What would the prediction look like if I applied an ARIMA model? Just for fun sake, and also because I need to compare the Prophet model with another model. The auto.arima is a straightforward powerful modelling function.
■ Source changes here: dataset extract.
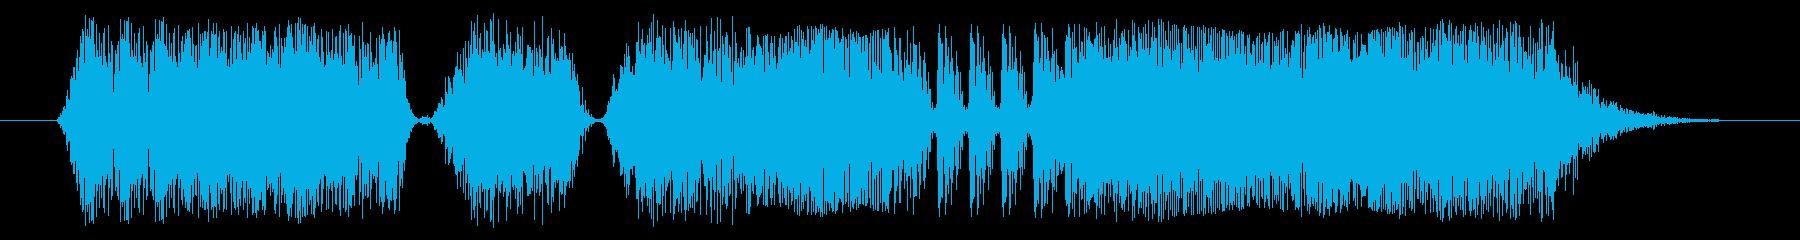 ビッグカオス2の再生済みの波形

I will throw in the seasonal naive model to boot.
df_tbl%>%
filter(RecordType =="VOIP call")%>%
auto.arima %>%
forecast(h=672) %>% autoplot+theme_bw()
df_tbl%>%
filter(RecordType =="VOIP call")%>%
auto.arima %>%
checkresiduals(test=FALSE)+theme_bw()
arima_model<-df_tbl%>%
filter(RecordType =="VOIP call")%>%
auto.arima %>%
forecast(h=672)
> arima_model
Point Forecast Lo 80 Hi 80 Lo 95 Hi 95
2545.597 0 -5.9371424 5.937142 -9.0800758 9.080076
2545.608 0 -5.9371424 5.937142 -9.0800758 9.080076
2545.618 0 -5.9371424 5.937142 -9.0800758 9.080076
2545.629 0 -5.9371424 5.937142 -9.0800758 9.080076
2545.639 0 -5.9371424 5.937142 -9.0800758 9.080076
2545.649 0 -5.9371424 5.937142 -9.0800758 9.080076
2545.660 0 -5.9371424 5.937142 -9.0800758 9.080076
2545.670 0 -5.9371424 5.937142 -9.0800758 9.080076
2545.681 0 -5.9371424 5.937142 -9.0800758 9.080076
2545.691 0 -5.9371424 5.937142 -9.0800758 9.080076
2545.702 0 -5.9371424 5.937142 -9.0800758 9.080076
2545.712 0 -5.9371424 5.937142 -9.0800758 9.080076
2545.722 0 -5.9371424 5.937142 -9.0800758 9.080076
2545.733 0 -5.9371424 5.937142 -9.0800758 9.080076
2545.743 0 -5.9371424 5.937142 -9.0800758 9.080076
2545.754 0 -5.9371424 5.937142 -9.0800758 9.080076
2545.764 0 -5.9371424 5.937142 -9.0800758 9.080076
2545.774 0 -5.9371424 5.937142 -9.0800758 9.080076
2545.785 0 -5.9371424 5.937142 -9.0800758 9.080076
2545.795 0 -5.9371424 5.937142 -9.0800758 9.080076
2545.806 0 -5.9371424 5.937142 -9.0800758 9.080076
2545.816 0 -5.9371424 5.937142 -9.0800758 9.080076
2545.827 0 -5.9371424 5.937142 -9.0800758 9.080076
2545.837 0 -5.9371424 5.937142 -9.0800758 9.080076
2545.847 0 -5.9371424 5.937142 -9.0800758 9.080076
fit_snaive <- df_tbl%>%
filter(RecordType =="VOIP call")%>%
snaive(.,h=672)
plot(fit_snaive)
fit_snaive<-fit_snaive%>%
as.data.frame()%>%
slice_tail(., n=672)
The residuals from the ARIMA show a period and quite some long tails — which is equivalent to the peaks and valleys of the underlying data.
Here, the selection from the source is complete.